§ **The task**: Images should be omitted while the rest of the data is duplicated exactly.

** Opening Information provided block **

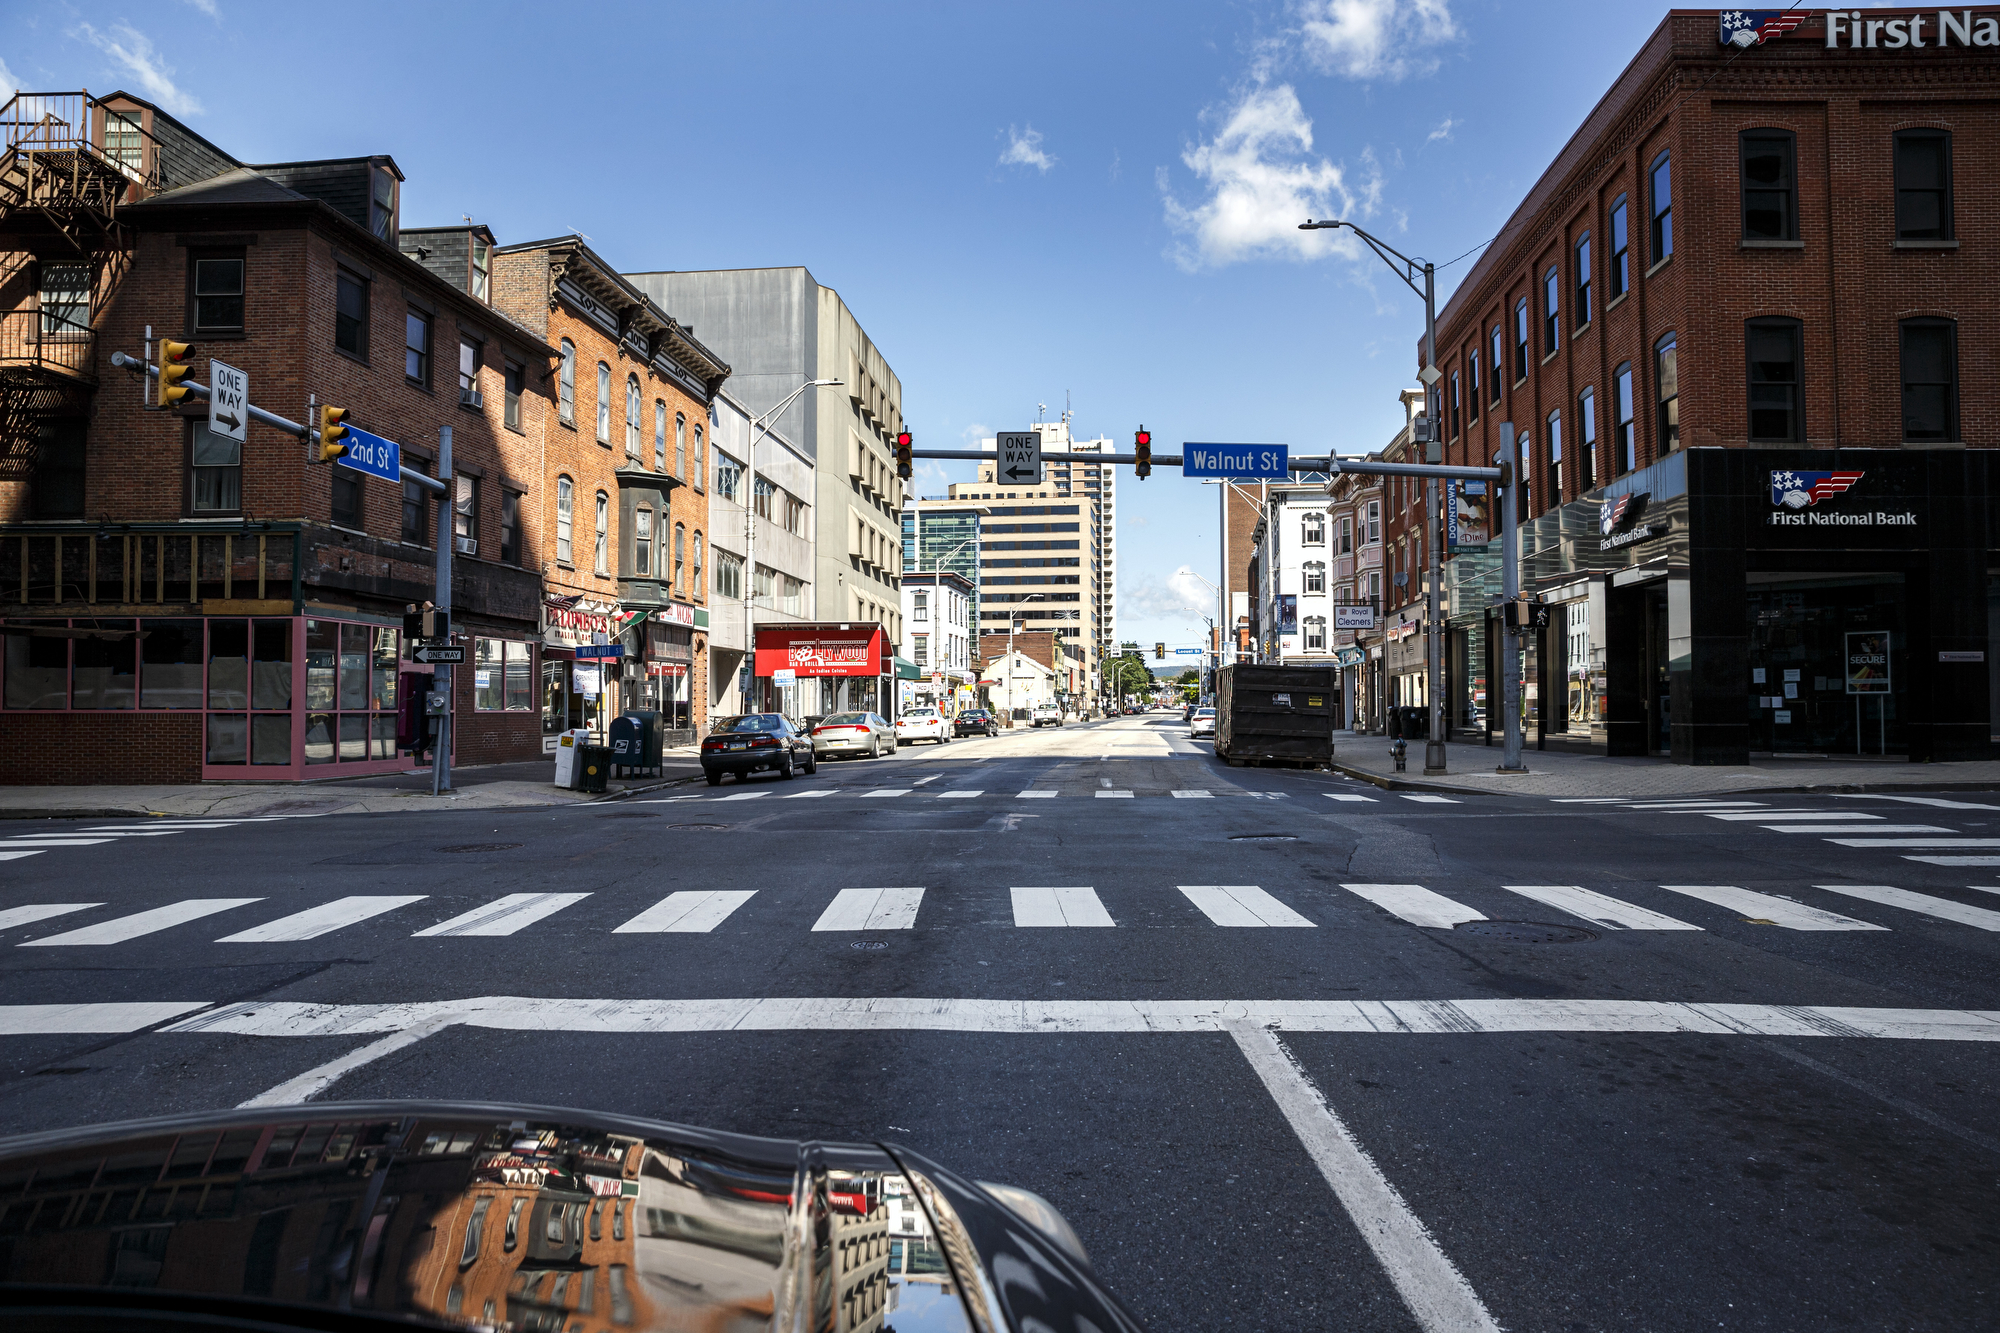 Second and Walnut streets in Harrisburg. The streets of Harrisburg the day after protests over the death of George Floyd turned violent.
May 31, 2020. 
Dan Gleiter | dgleiter@pennlive.com

** Closing Information provided block **

§ **Answer space**:
 Second and Walnut streets in Harrisburg. The streets of Harrisburg the day after protests over the death of George Floyd turned violent.
May 31, 2020. 
Dan Gleiter | dgleiter@pennlive.com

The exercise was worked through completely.